== MATERIAL FOR THE TASK ==
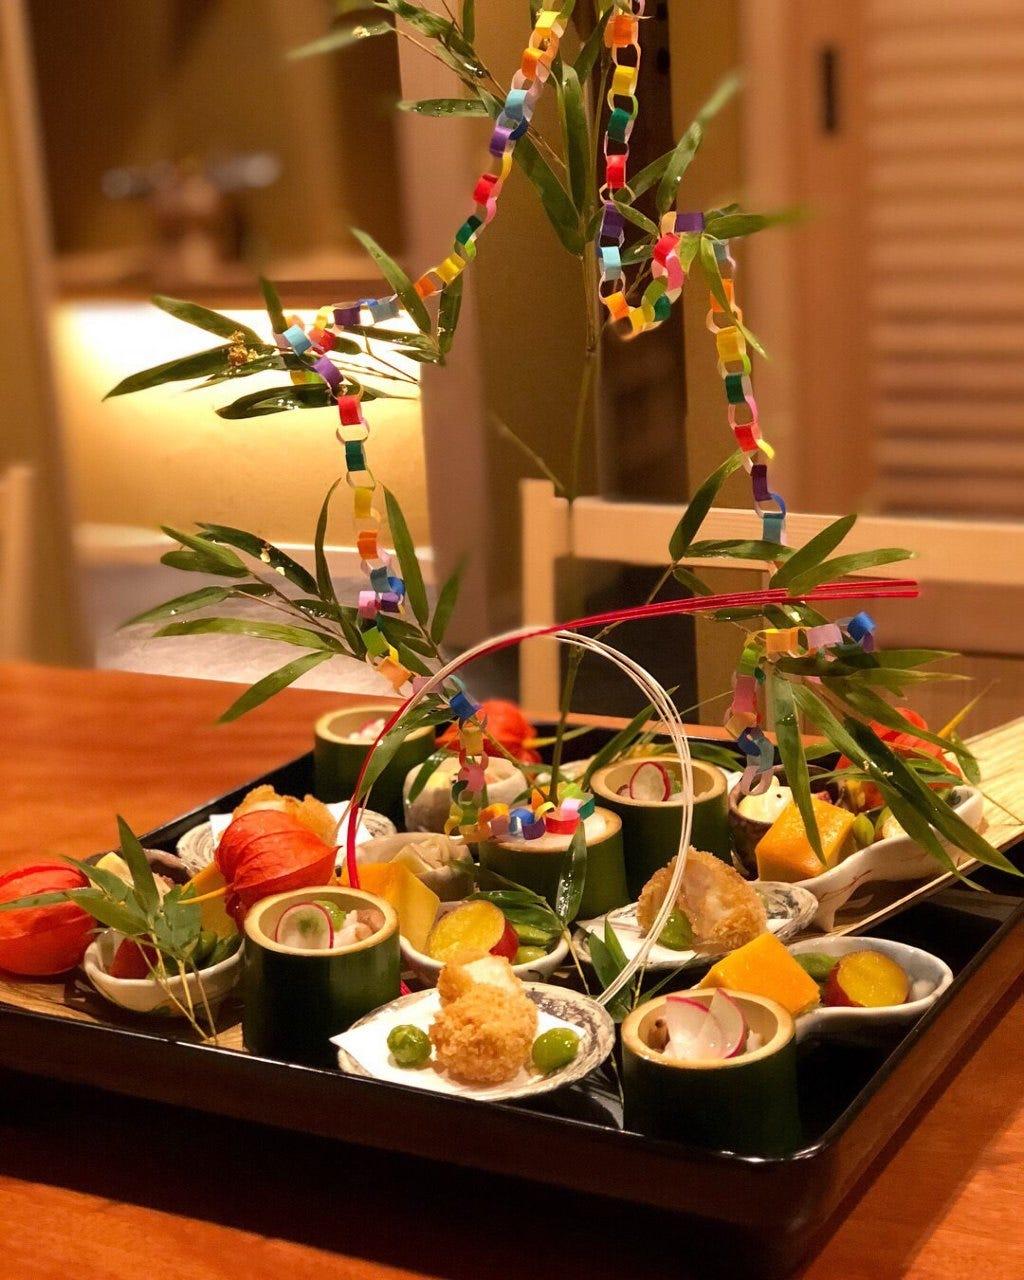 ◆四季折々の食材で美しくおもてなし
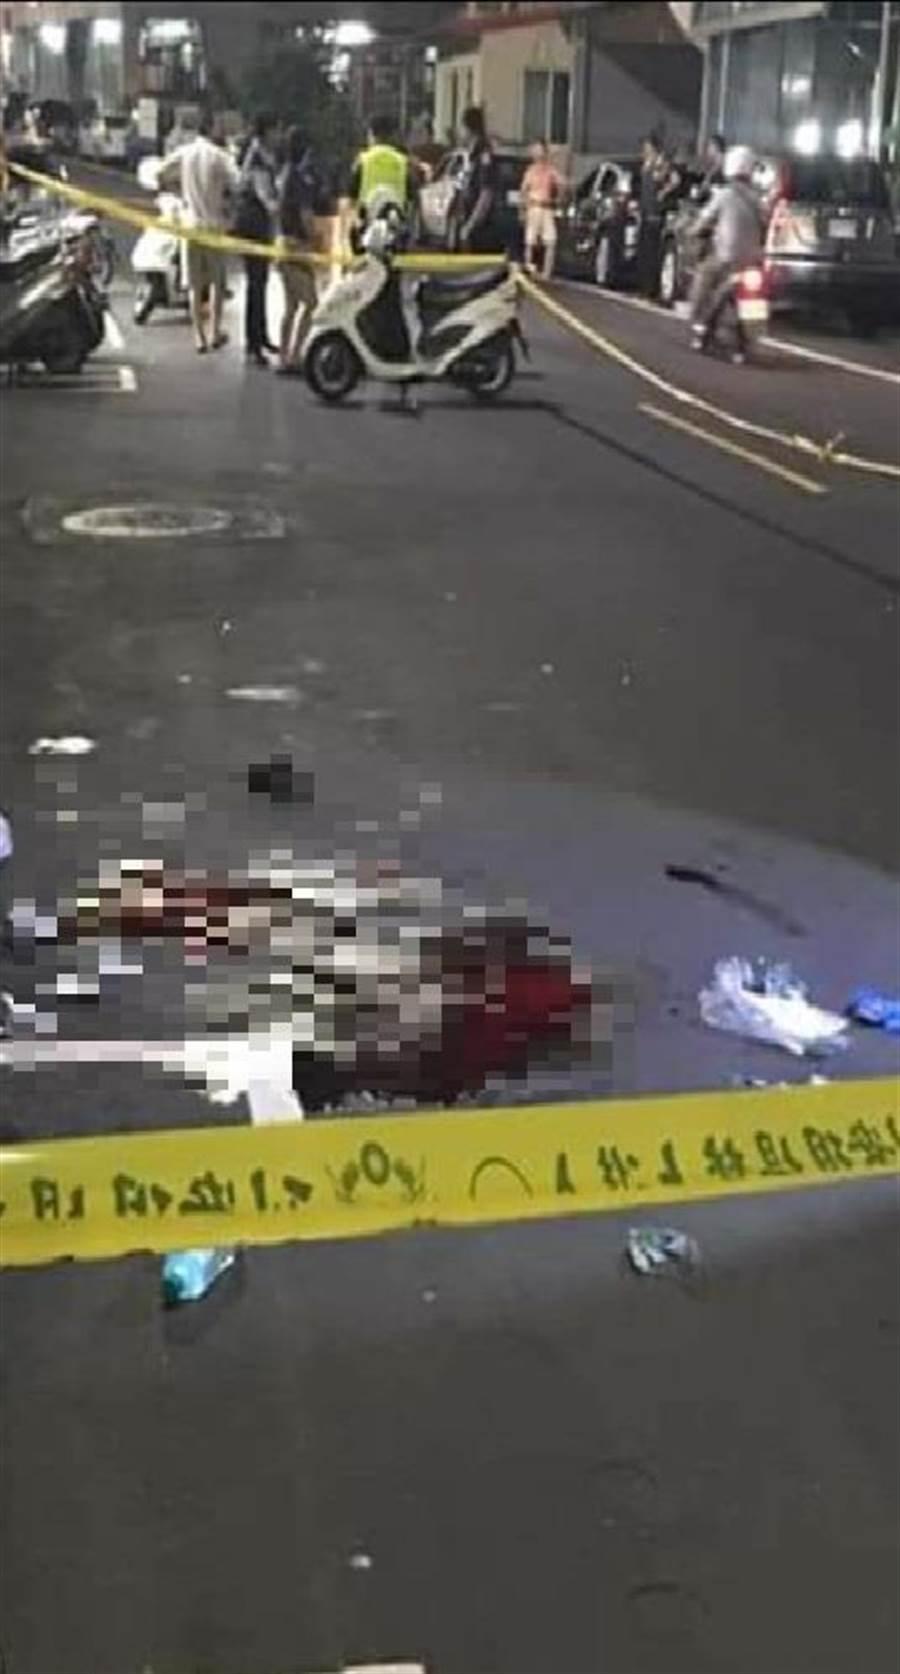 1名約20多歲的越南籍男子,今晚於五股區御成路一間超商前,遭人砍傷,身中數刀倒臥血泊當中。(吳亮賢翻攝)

* * *

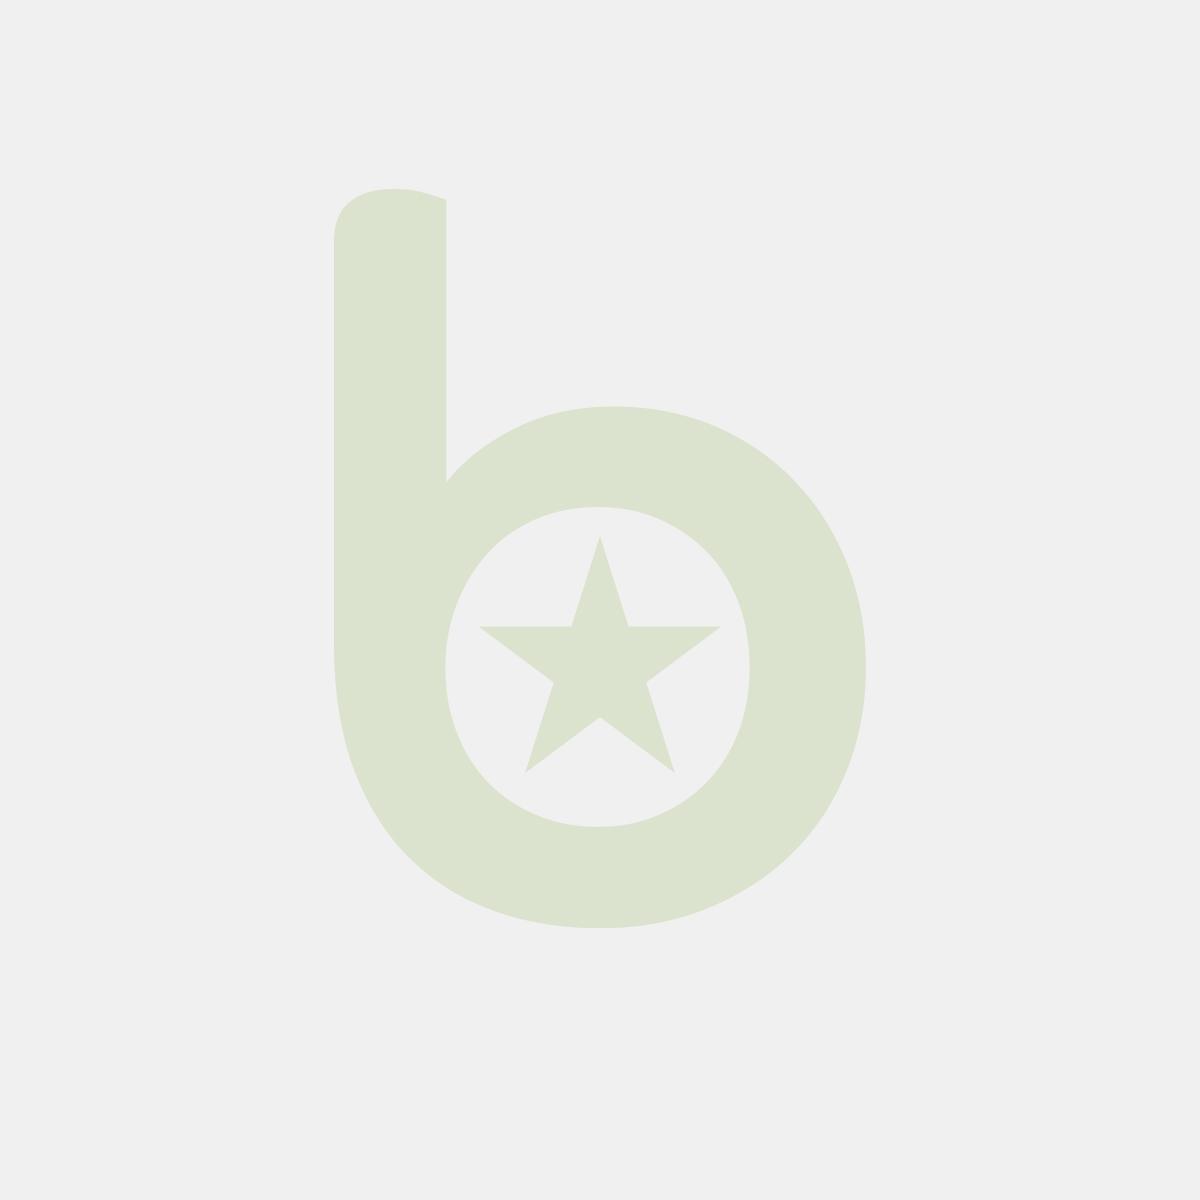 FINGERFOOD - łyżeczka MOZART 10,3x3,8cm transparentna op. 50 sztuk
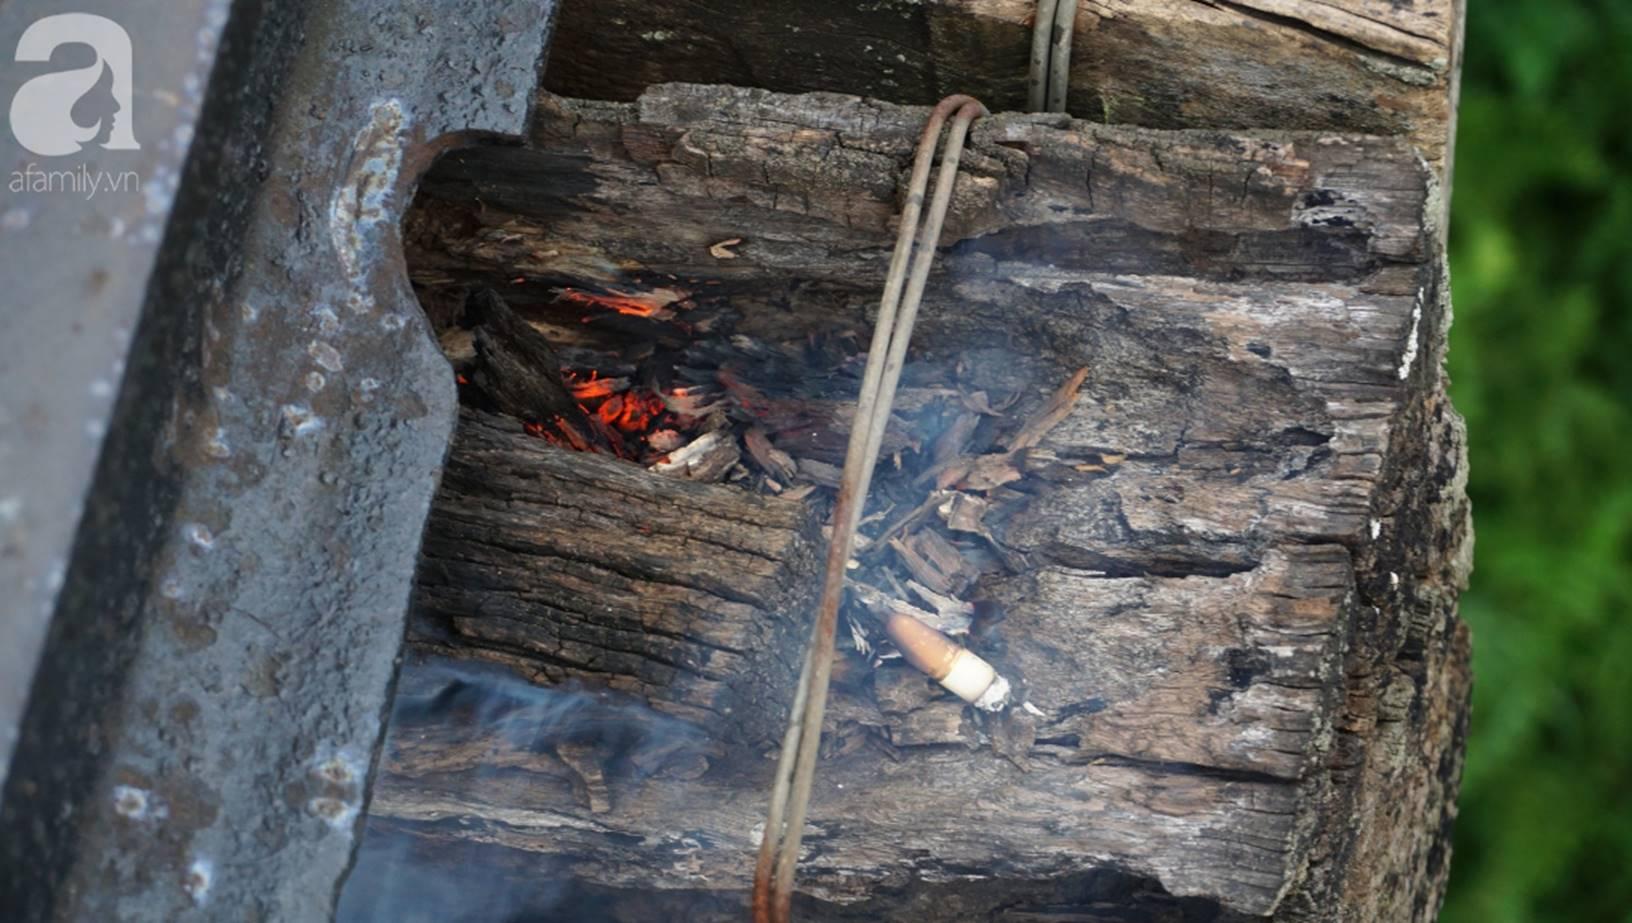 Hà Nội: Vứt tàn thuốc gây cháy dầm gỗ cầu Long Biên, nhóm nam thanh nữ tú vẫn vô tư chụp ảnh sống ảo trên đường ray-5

---

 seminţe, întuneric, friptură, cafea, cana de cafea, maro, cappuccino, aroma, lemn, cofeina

== TASK INSTRUCTIONS ==
Using the data above, retype exactly the lines from the line with "FINGERFOOD - łyżeczka" to the line with "Hà Nội: Vứt", inclusive. No pictures and nothing else.

== TASK RESULT ==
 FINGERFOOD - łyżeczka MOZART 10,3x3,8cm transparentna op. 50 sztuk
 Hà Nội: Vứt tàn thuốc gây cháy dầm gỗ cầu Long Biên, nhóm nam thanh nữ tú vẫn vô tư chụp ảnh sống ảo trên đường ray-5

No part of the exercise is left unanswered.